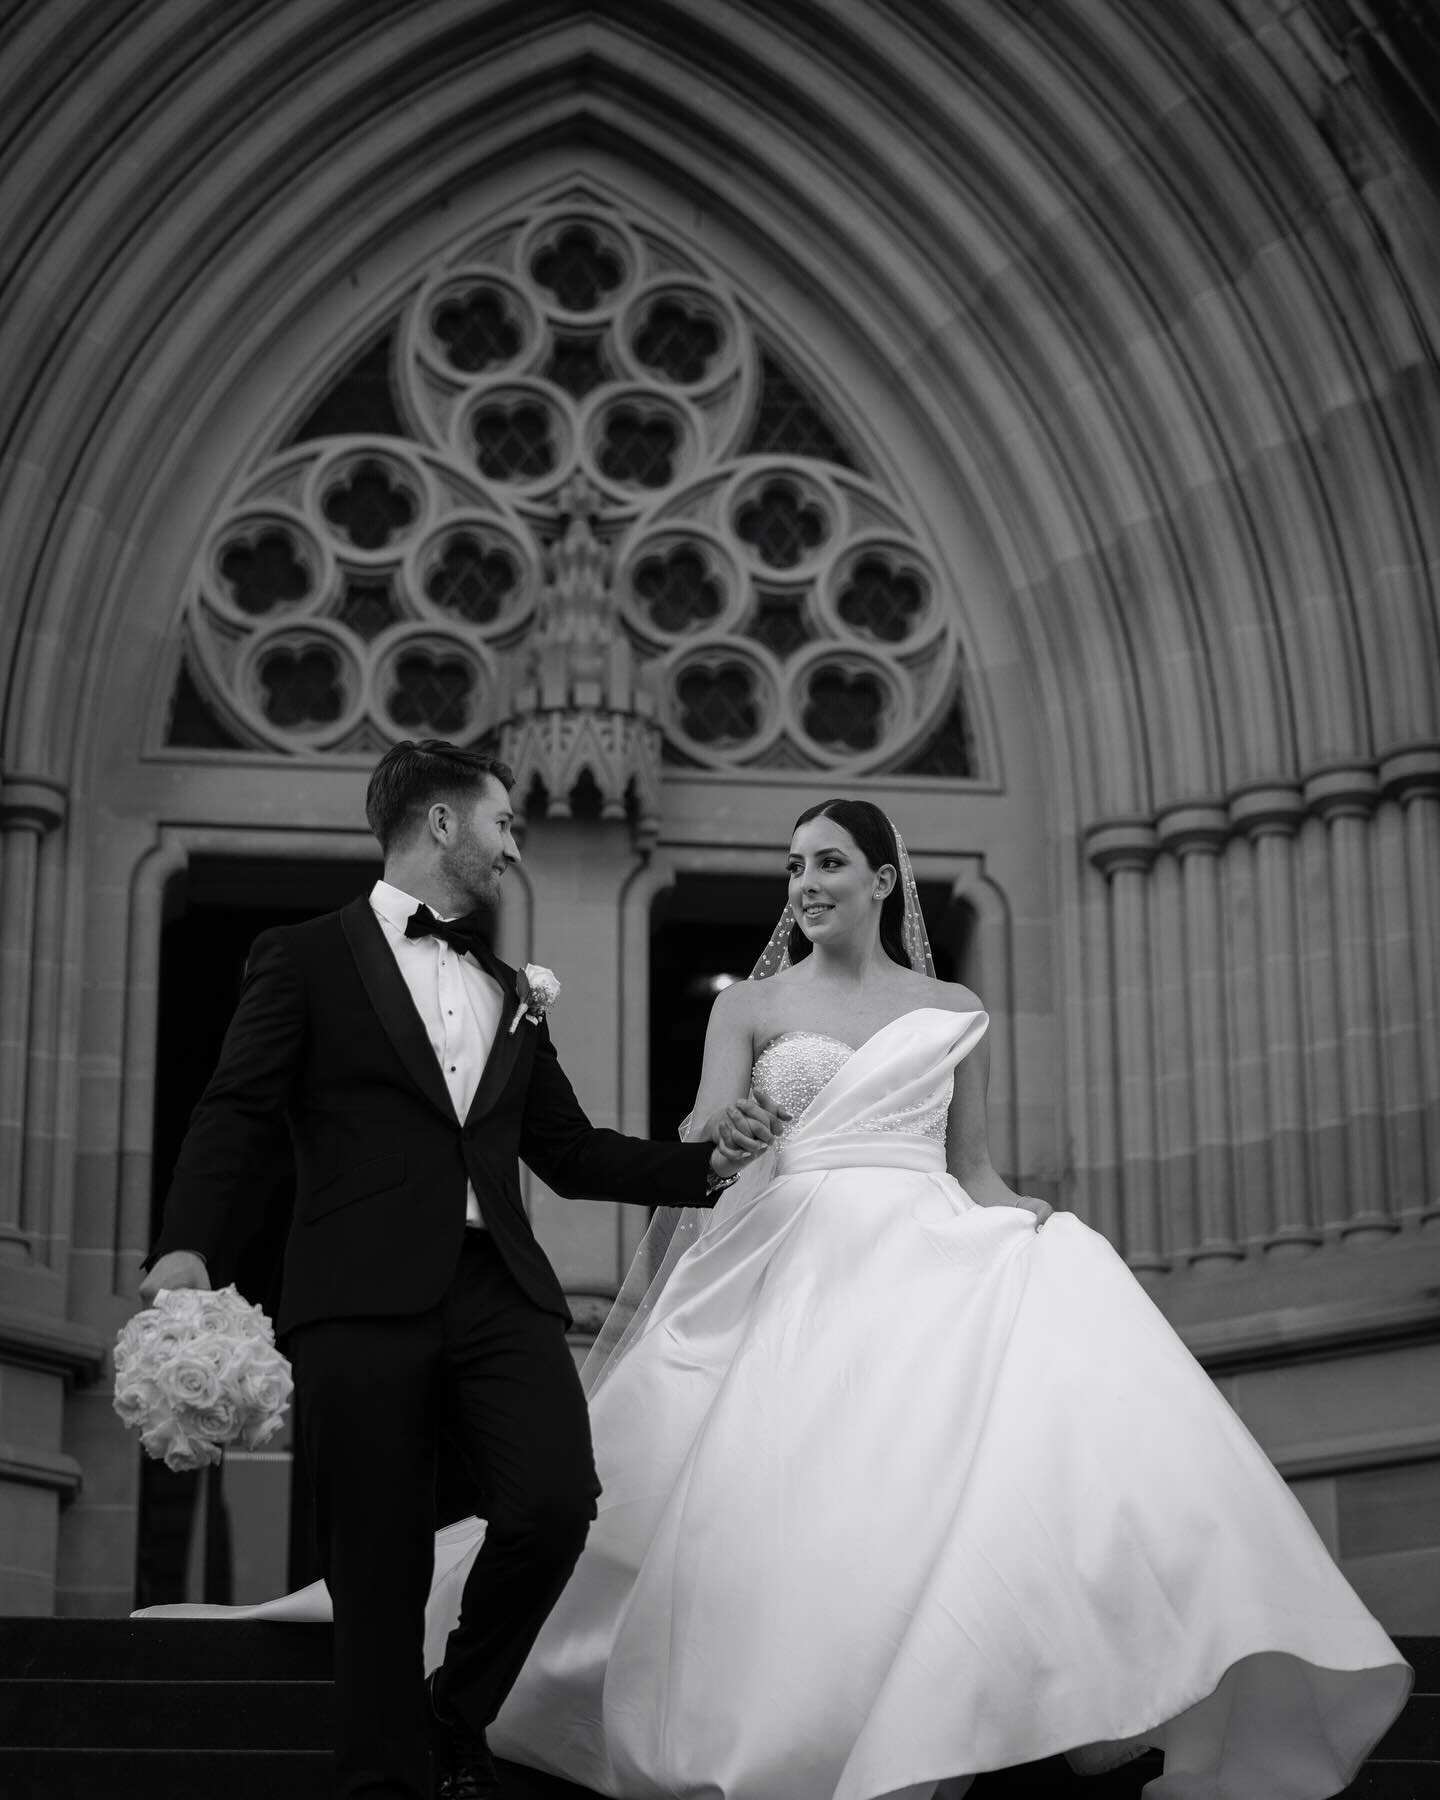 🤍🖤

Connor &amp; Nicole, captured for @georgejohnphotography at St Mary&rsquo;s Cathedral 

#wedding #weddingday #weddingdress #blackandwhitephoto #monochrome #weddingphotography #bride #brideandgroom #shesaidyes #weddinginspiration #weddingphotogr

*Assigned task*
Repeat the lines above exactly, and keep every picture out.

*Solution for this exercise*
 🤍🖤

Connor &amp; Nicole, captured for @georgejohnphotography at St Mary&rsquo;s Cathedral 

#wedding #weddingday #weddingdress #blackandwhitephoto #monochrome #weddingphotography #bride #brideandgroom #shesaidyes #weddinginspiration #weddingphotogr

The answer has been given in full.